Tuesday, October 9, 2007
Site of Scott's Massacre - November 30, 1817
This photo, actually taken from the Gadsden County side of the Apalachicola River, shows the site of the bloodiest battle of the First Seminole War.
The river here forms the dividing line between Jackson and Gadsden Counties. Jackson County is on the right or west side of the stream and Gadsden County is on the left or east. On November 30, 1817, an army supply boat manned by 40 men from the 7th U.S. Infantry Regiment made its way around the sharp bend seen here. Due to the strength of the current, the boat was forced to navigate close to the east bank of the river. Although they had been warned of the possibility of attack, the soldiers were not prepared when a large force of Creek and Seminole warriors opened fire from hidden positions along the shore.

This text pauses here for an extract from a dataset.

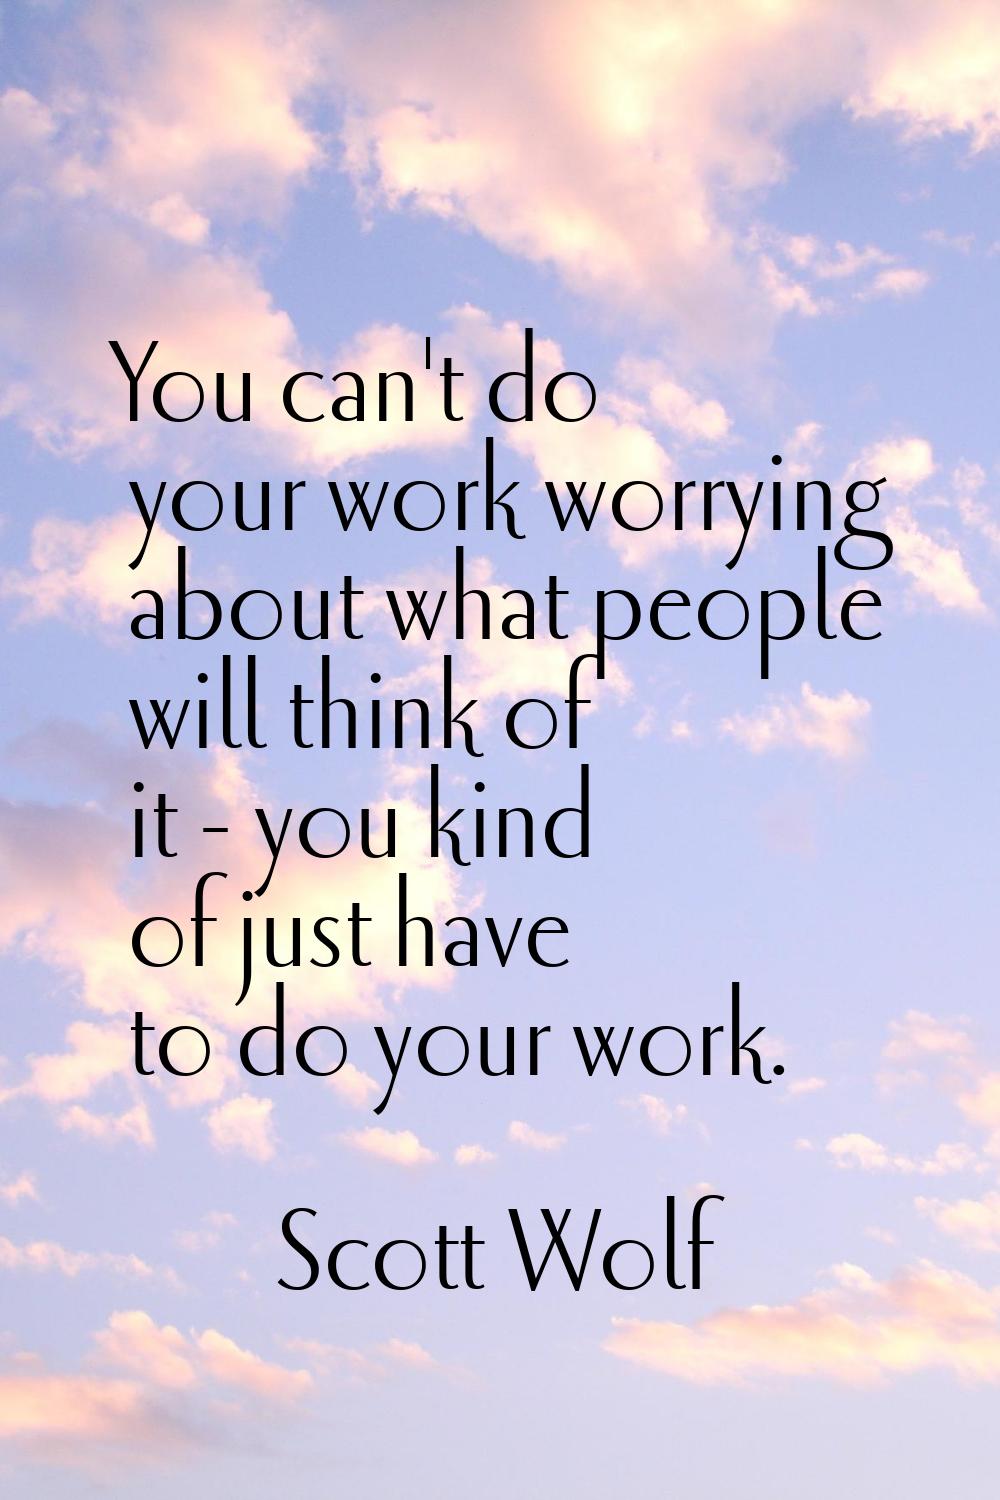 You can't do your work worrying about what people will think of it - you kind of just have to do yo

The commander of the boat, Lieutenant Richard W. Scott, and most of his men were killed or wounded in the first volley. As the warriors stormed the boat, six men managed to escape by leaping overboard and swimming across to the Jackson County shore. The rest were killed. Search parties later found the bodies of 34 men at the site.
In addition to the soldiers, 7 women and 4 children (family members of soldiers) were on the boat at the time of the attack. All but one of these, a Mrs. Stewart, were killed. She was taken prisoner by the warriors, but was rescued the following year by troops under Andrew Jackson.
The attack on Scott's party was made in retaliation for U.S. Army attacks on the Lower Creek village of Fowltown in what is now Decatur County, Georgia. The village, home of the chief Neamathla (Eneah Emathla), was attacked on both November 21st and November 23rd, 1817, after the chief refused to come to nearby Fort Scott for a conference. Fowltown warriors were among those who carried out the retaliatory attack on Scott's command.